Our study has limitations. First, our results may not be generalizable to clinical trials outside of the US because our analysis did not include results from non-US registries. Second, our power calculations focused on planned rather than actual enrollment. Thus, our power calculations may overestimate the trial’s actual statistical power. Third, we based our power calculation on published event rates which is an imperfect approach representing population average estimates. As a result, individual studies may have had higher or lower event rates depending on the characteristics of the study populations. In addition, some trials did not perform 1 to 1 randomization and thus, some of our power estimates represent over-estimates because other randomization schemes require larger sample sizes. Fourth, we utilized word tagging, a form of natural language processing, to identify various datapoints reported in our study which could introduce misclassification bias. We performed manual checking to minimize misclassification, and while a small degree of residual misclassification could still be present, we expect it to be random.
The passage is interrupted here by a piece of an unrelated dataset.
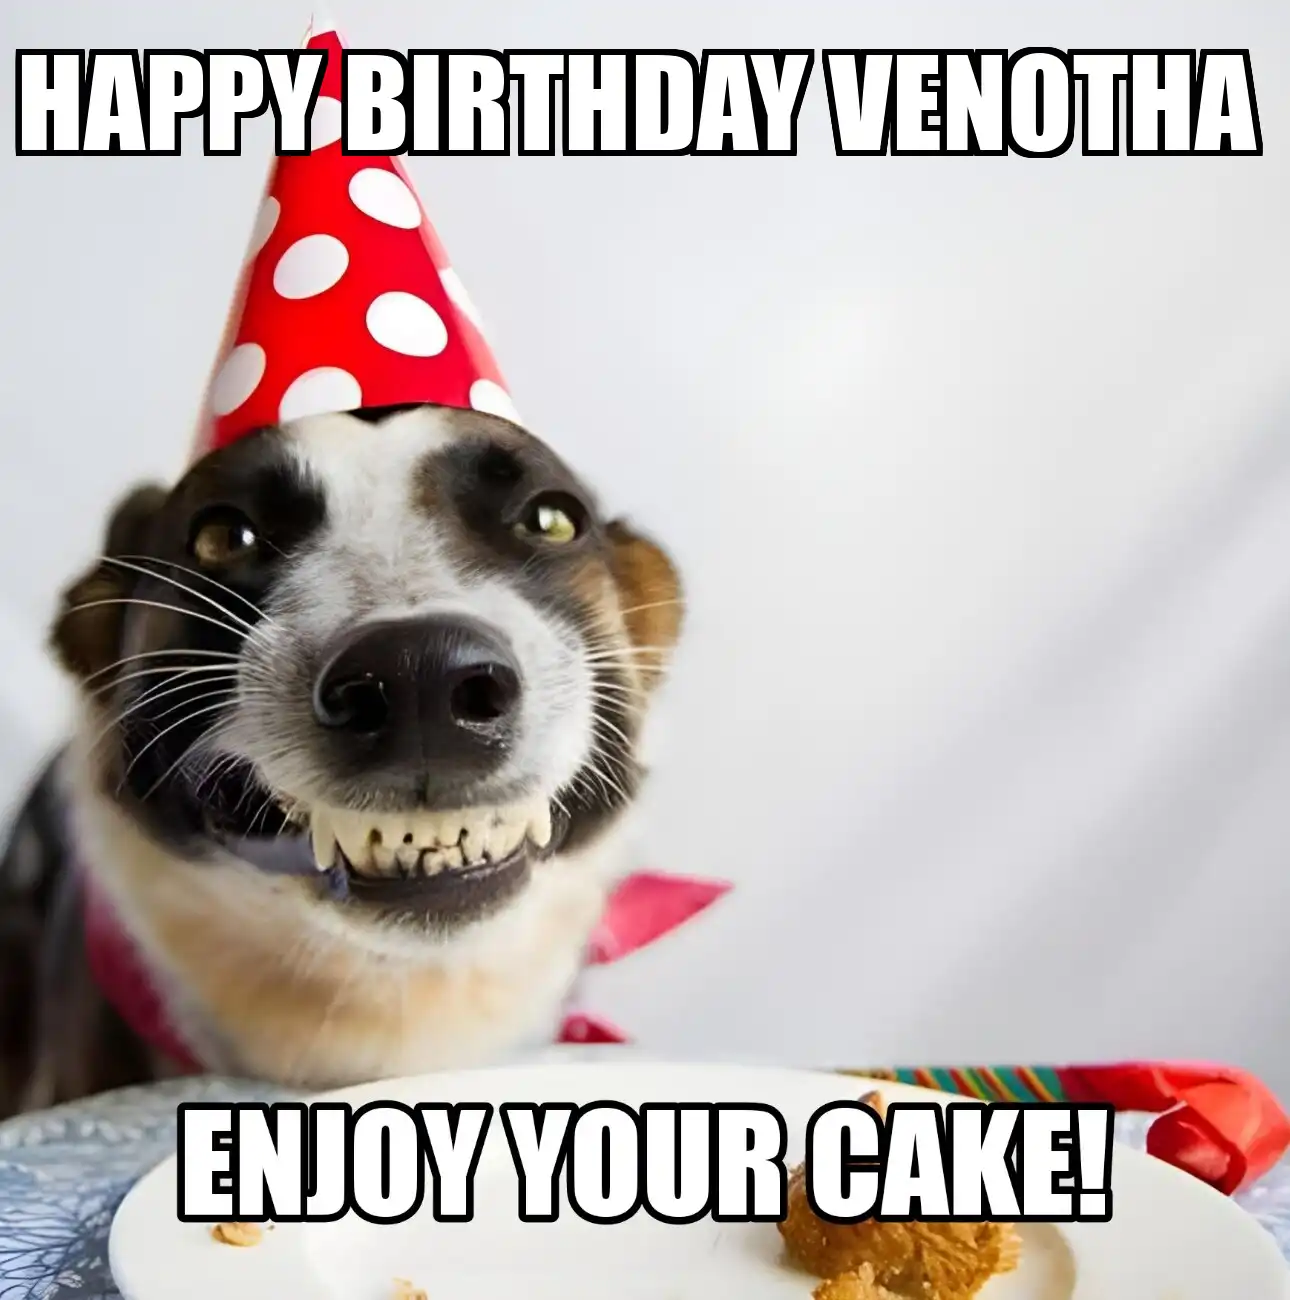 Happy Birthday Venotha Enjoy Your Cake Dog Meme

In conclusion, in the first 9 months of the global pandemic, there was an unprecedented rise in COVID-19-related research, including hundreds of clinical trials launched in the US. This study highlights an important opportunity to improve national clinical trial infrastructure, which would allow the biomedical community to better leverage the critical investment of trial participants who are putting themselves at risk to advance new knowledge in this pandemic.